En el fondo, el equilibrio entre cargos electos y burocracia, entre los que acceden a un cargo de naturaleza política y los que cuentan con los atributos para lograr el buen desempeño de las administraciones, es una de las ecuaciones no resueltas en democracia. Durante la primera alternancia en la Presidencia de la República, se ensayaron políticas de austeridad cuyos resultados fueron limitados. La gestión de Vicente Fox se estrenó con la liquidación de los yates “Ollín” y “California”, la venta de cuatro aeronaves y el remate de una casa de descanso en Acapulco, entre otras cosas. El entusiasmo duró lo que dura en la memoria colectiva un titular de prensa.
Bajo el sello de una agenda de buen gobierno, inició entonces un relevo de personal en la administración federal. Los perfiles reclutados por cazadores de talento, muchos de ellos con poca experiencia en administración pública, mantuvieron intacto el acuerdo del reparto de posiciones de mayor relevancia. Con un Congreso adverso, se lograron algunos avances en transparencia y una ley de servicio civil acotada que no concluyó en la modernización que se quería. En la administración de Felipe Calderón, se repitió la fórmula del decreto de austeridad. Los salarios para altos funcionarios, incluido el Presidente y secretarios de Estado, se redujeron 10 por ciento, así como el presupuesto de las agencias federales, generando un ahorro que fue destinado a programas sociales. Sin embargo, la política de compadrazgos y la fidelidad personal por encima de otros criterios fueron los que guiaron el reclutamiento de esa administración.
En los primeros meses de la gestión de Enrique Peña Nieto, como de costumbre, los panistas cedieron plazas y puestos a la recién llegada élite política. Hubo entonces otro decreto de austeridad. Se estableció la eliminación de algunas plazas, la restricción en la contratación de personal eventual y por honorarios, así como la supuesta reducción de recursos en viáticos, convenciones, gastos de representación y uso de vehículos. Cuando no fueron obligados a renunciar bajo acuerdo para evitar litigios laborales, los pocos funcionarios que conforman los distintos servicios civiles sobrevivieron en sus cargos o evolucionaron en sus carreras con base en méritos y capacidades, pero la mayoría de puestos siguieron siendo botín del partido político en el poder.

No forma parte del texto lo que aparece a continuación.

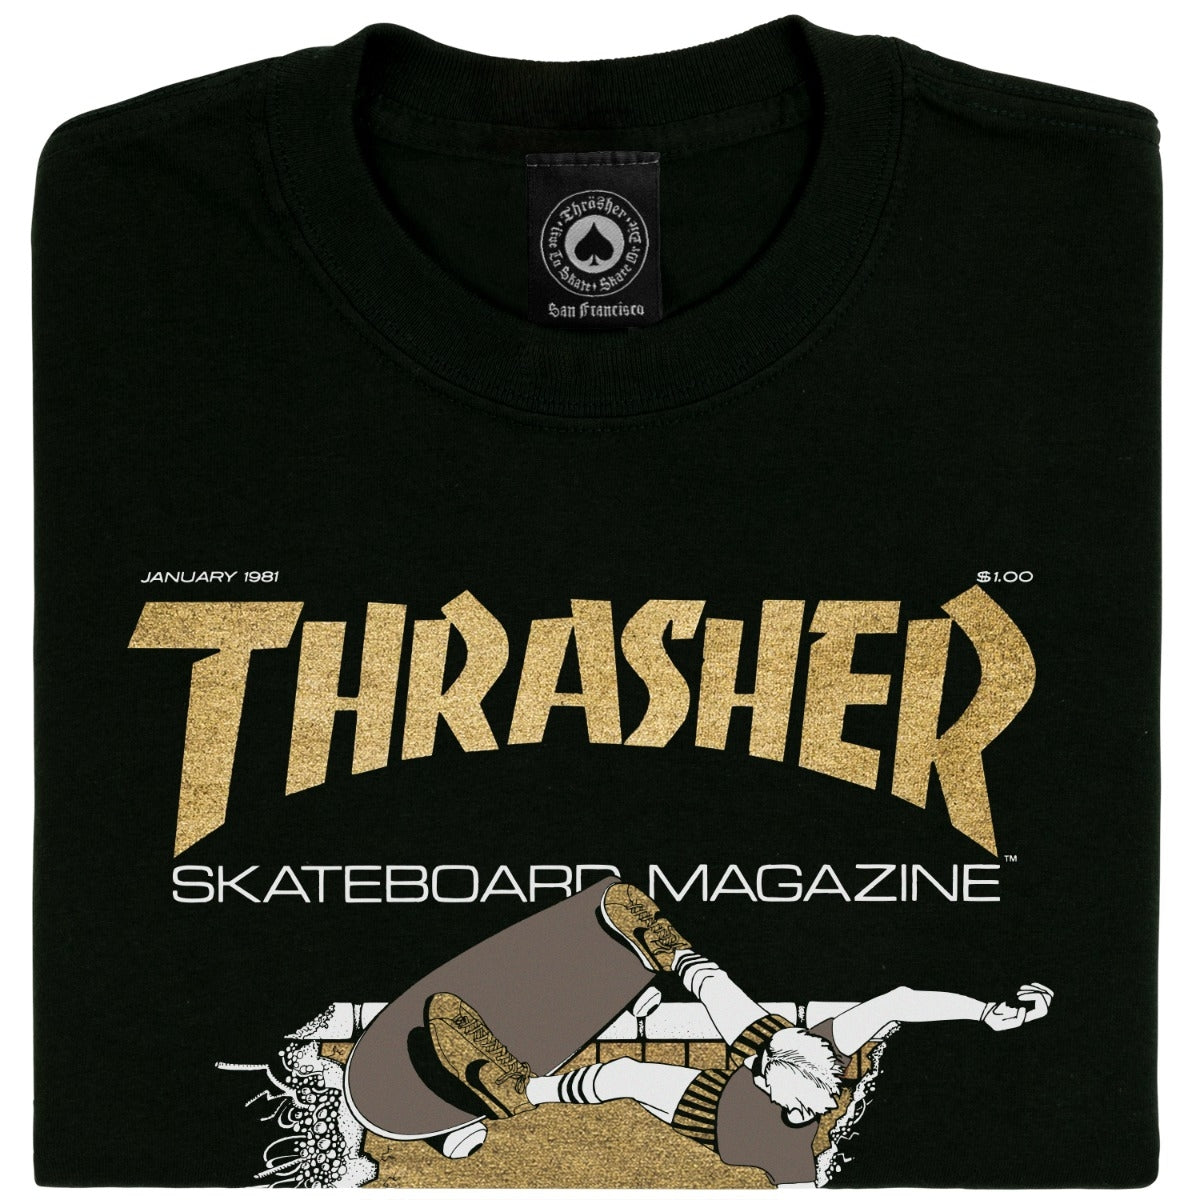 First Cover T-Shirt - Black/Gold

Dentro de lo poco que se sabe sobre la administración que viene, se ha dicho que habrá una nueva política de austeridad. No hay claridad sobre qué méritos, qué características y qué criterios habrá para que los mejores perfiles, los más preparados y, sobre todo, los que constituyen la memoria viva de las instituciones permanezcan en cargos de responsabilidad. La oportunidad para modificar la falla de origen de las administraciones no se había presentado en mucho tiempo. Aun así, lo que sí se sabe es que nuevamente se venderán activos del gobierno, que se promoverá, una vez más, otra política de austeridad y que se reducirá todavía más el salario de quienes en la última década han perdido su poder adquisitivo por medidas que buscan la espectacularidad política. Bajo este escenario, y como dice Ken Follett, la integridad no podrá ser más que una espada con una empuñadura maltrecha: “sólo podrá blandirse al momento en el que se ponga a prueba”.